+++ Records for this exercise

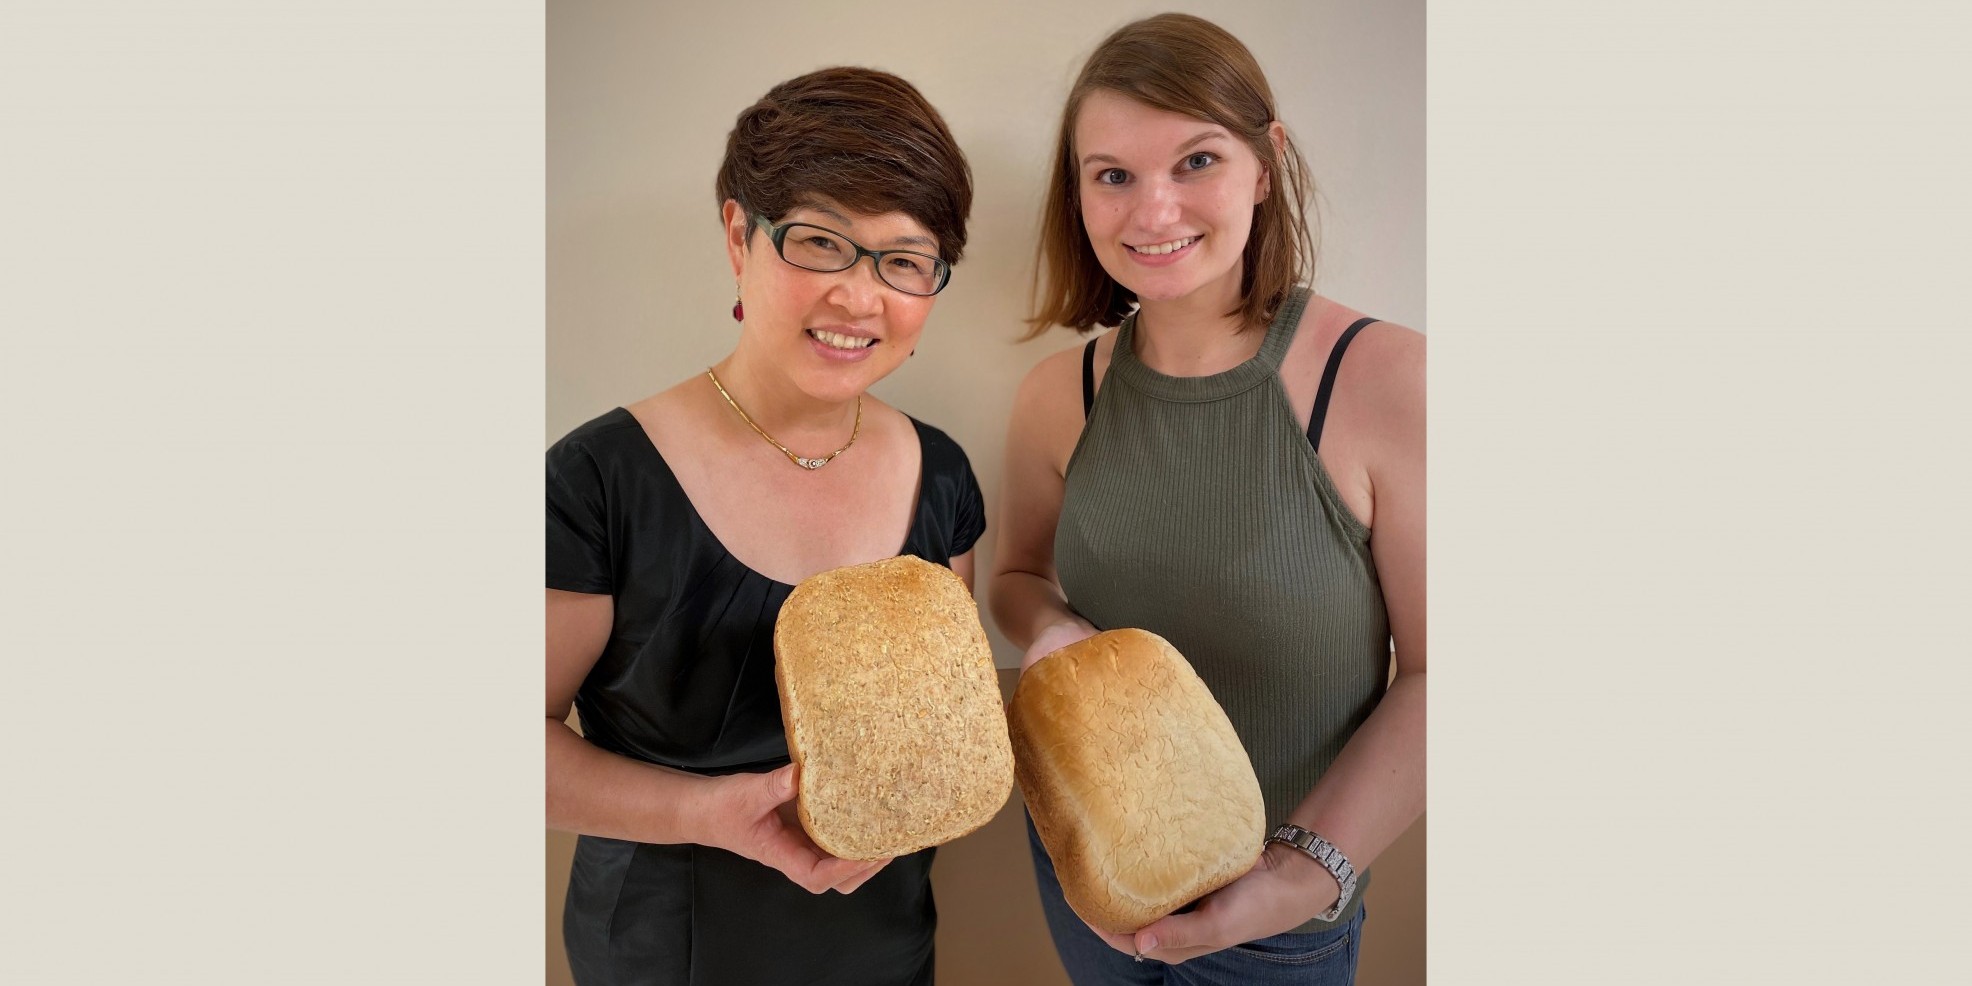 In a new study, food science professor Soo-Yeun Lee (left) and graduate student Aubrey Dunteman explore ways to reduce sodium in bread without sacrificing taste and functionality.
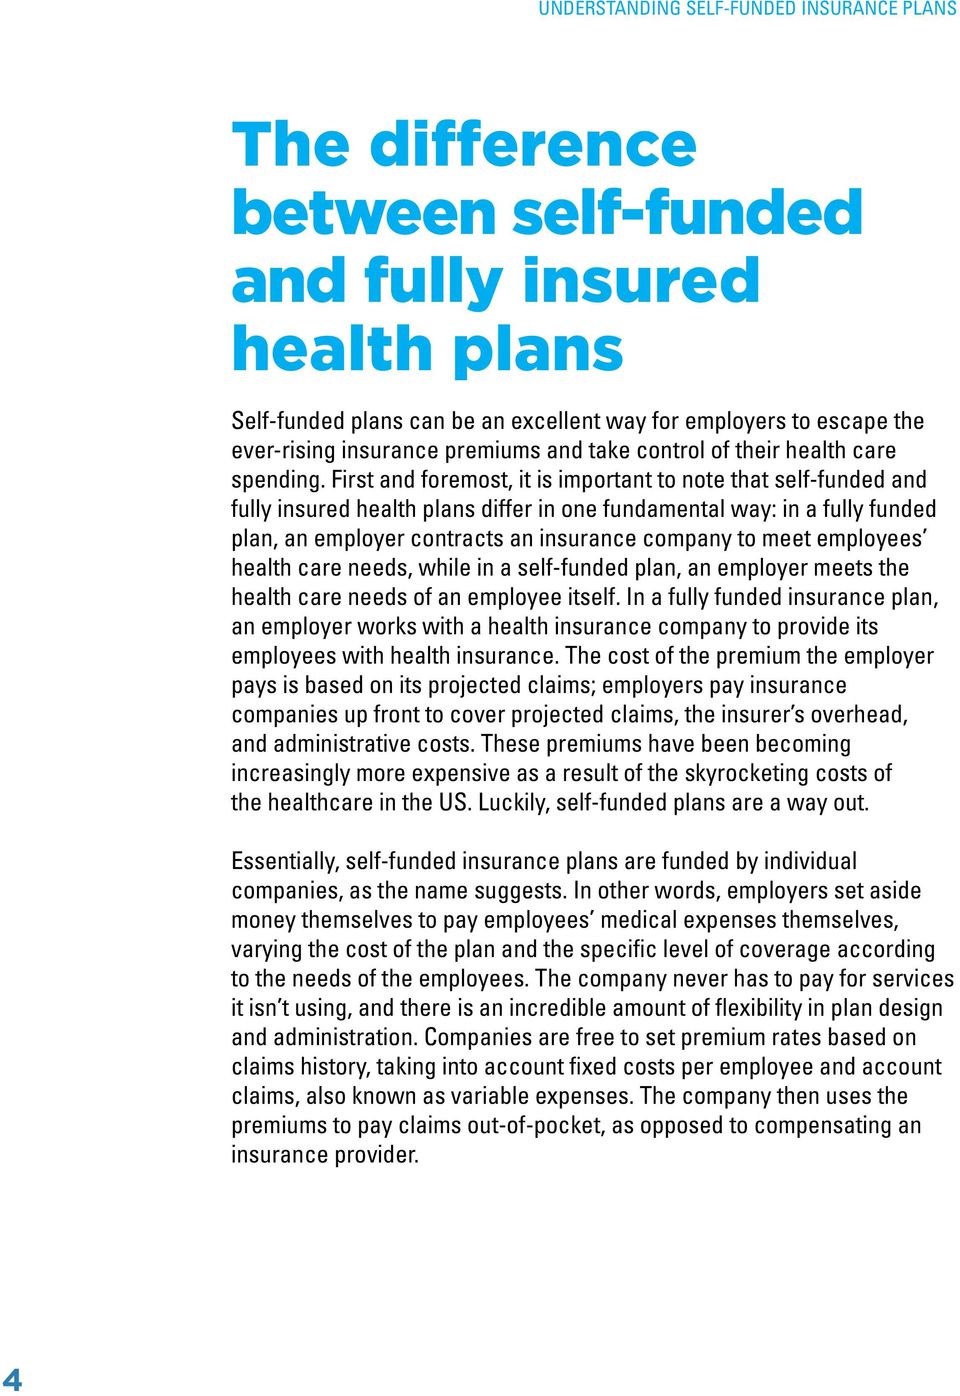 First and foremost, it is important to note that self-funded and fully insured health plans differ in one fundamental way: in a fully funded plan, an employer contracts an insurance company to meet
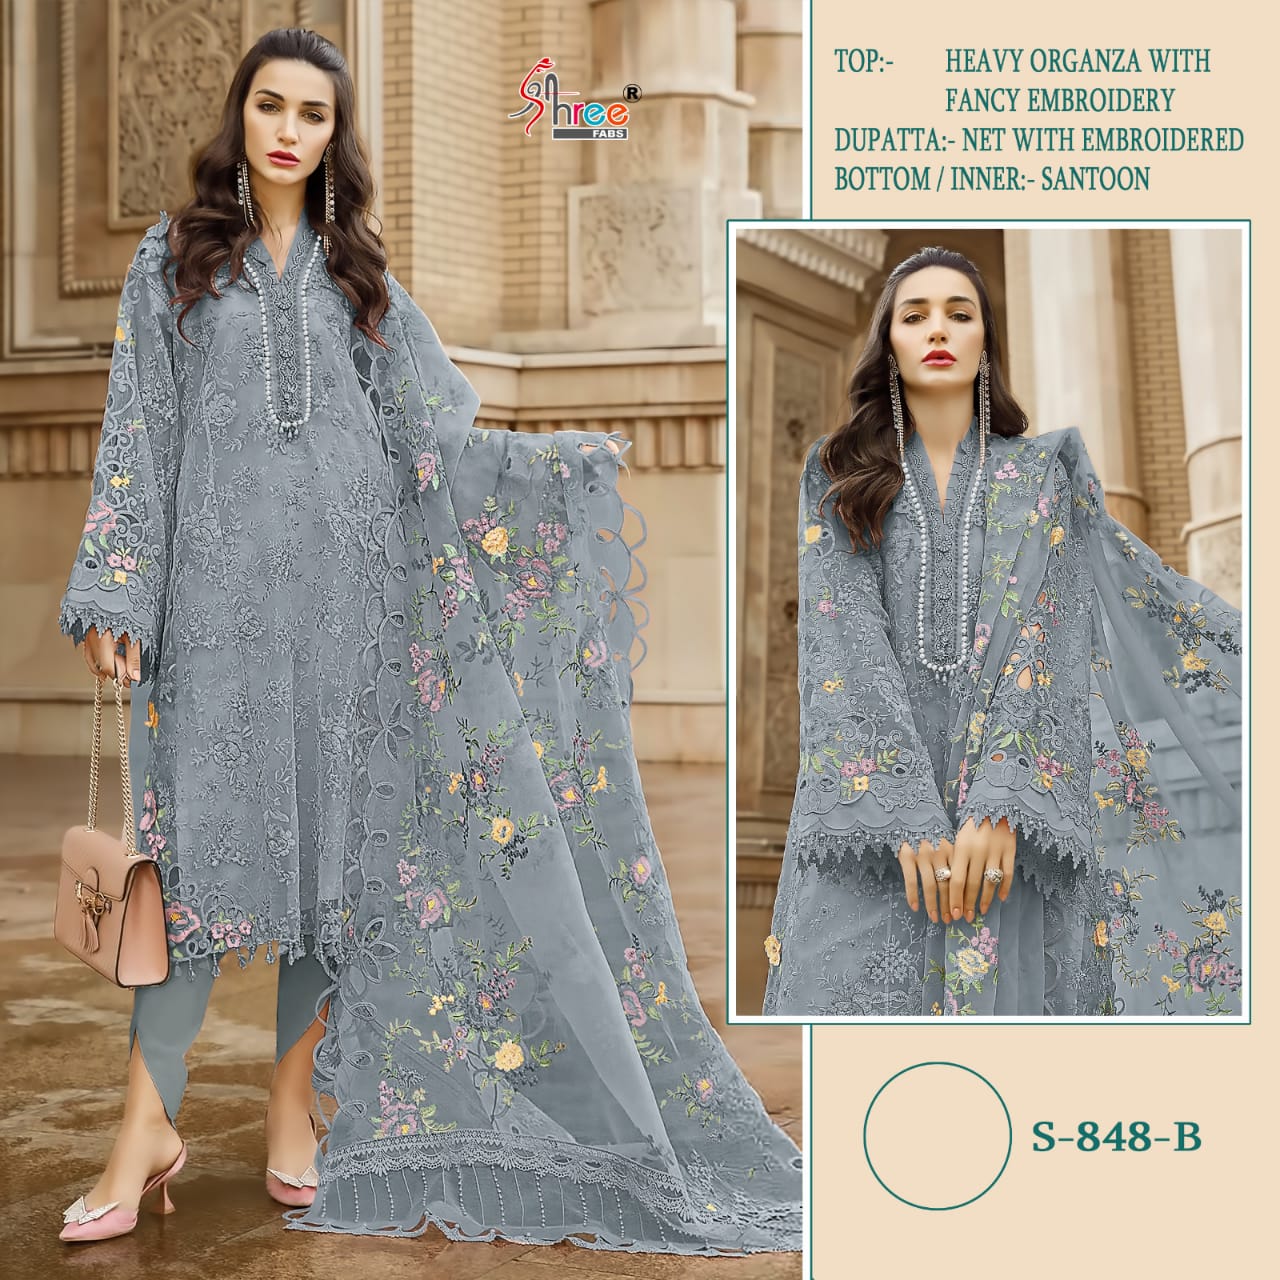 SHREE FABS S 848 B PAKISTANI SUITS IN INDIA
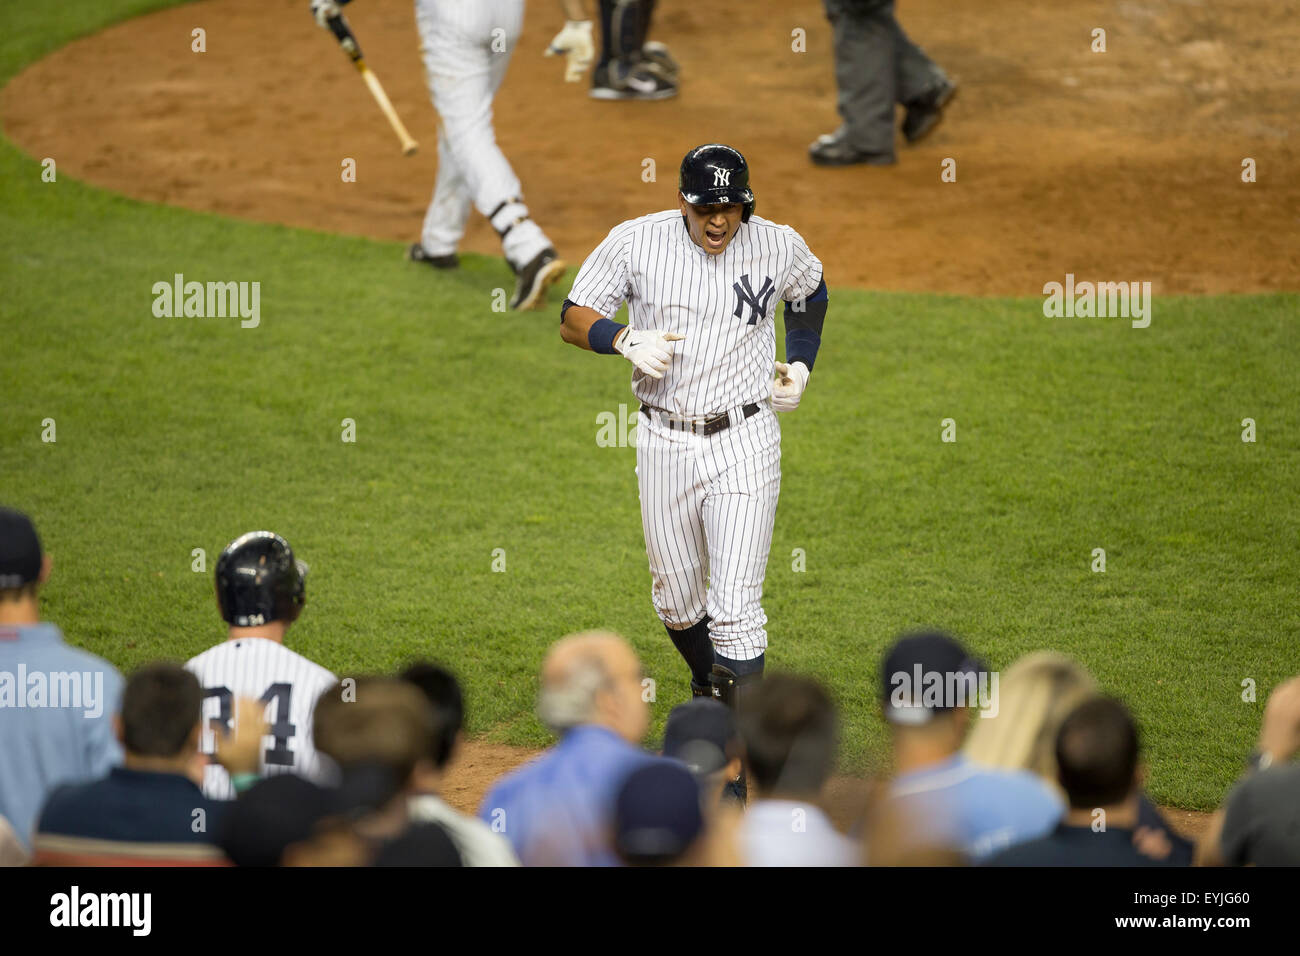 the Bronx, New York, USA. 17th July, 2015. Alex Rodriguez (Yankees), JULY 17, 2015 - MLB : Alex Rodriguez of the New York Yankees celebrates as he goes back to the dugout after hitting a home run during the Major League Baseball game against the Seattle Mariners at Yankee Stadium in the Bronx, New York, United States. © Thomas Anderson/AFLO/Alamy Live News Stock Photo
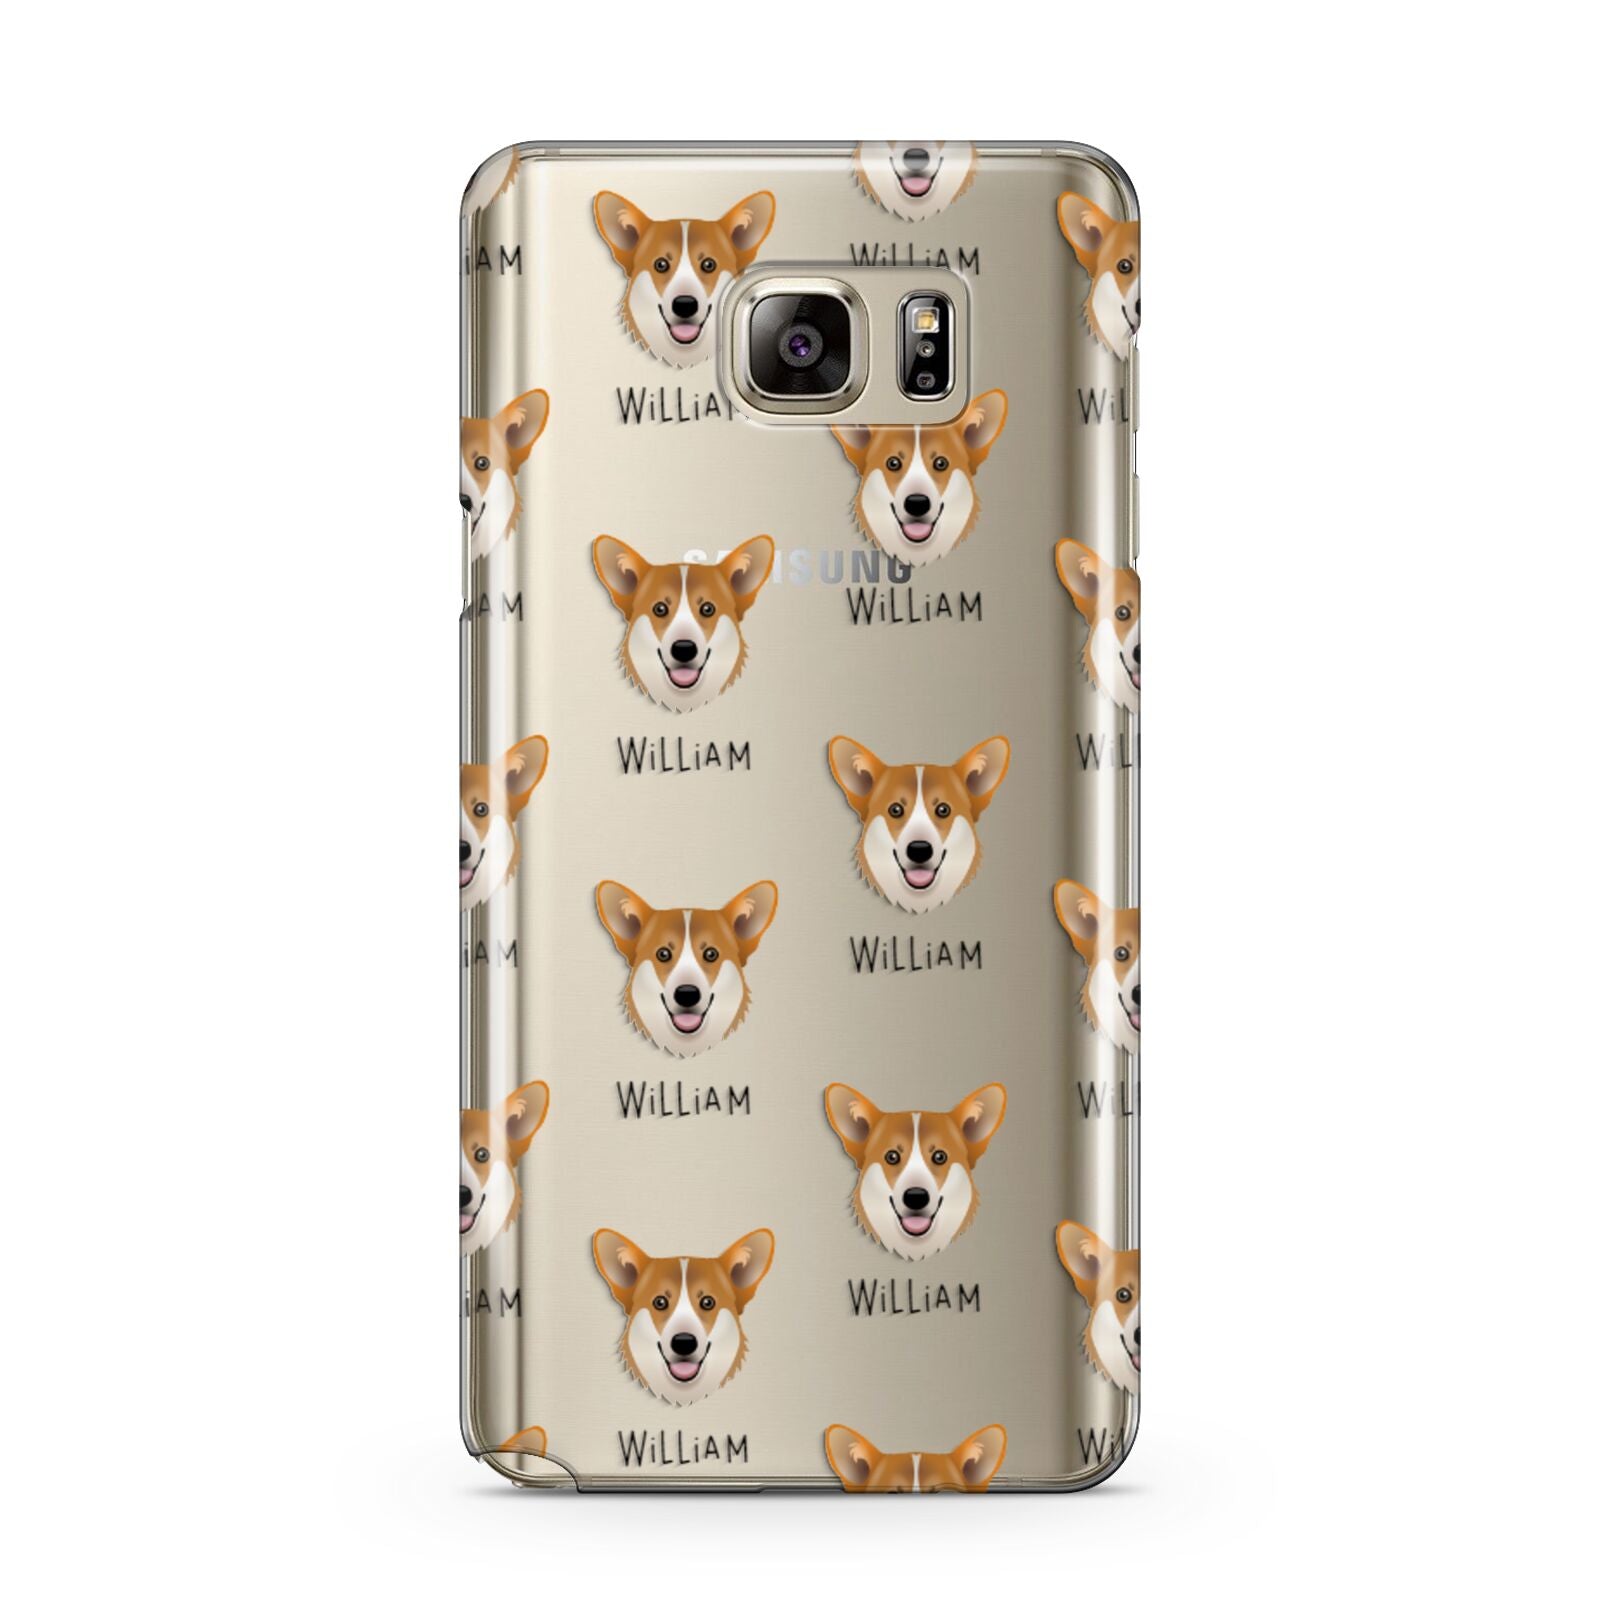 Pembroke Welsh Corgi Icon with Name Samsung Galaxy Note 5 Case

++++++

Set every record down verbatim. No pictures belong in the copy.

 In a new study, food science professor Soo-Yeun Lee (left) and graduate student Aubrey Dunteman explore ways to reduce sodium in bread without sacrificing taste and functionality.
 First and foremost, it is important to note that self-funded and fully insured health plans differ in one fundamental way: in a fully funded plan, an employer contracts an insurance company to meet
 SHREE FABS S 848 B PAKISTANI SUITS IN INDIA
 the Bronx, New York, USA. 17th July, 2015. Alex Rodriguez (Yankees), JULY 17, 2015 - MLB : Alex Rodriguez of the New York Yankees celebrates as he goes back to the dugout after hitting a home run during the Major League Baseball game against the Seattle Mariners at Yankee Stadium in the Bronx, New York, United States. © Thomas Anderson/AFLO/Alamy Live News Stock Photo
 Pembroke Welsh Corgi Icon with Name Samsung Galaxy Note 5 Case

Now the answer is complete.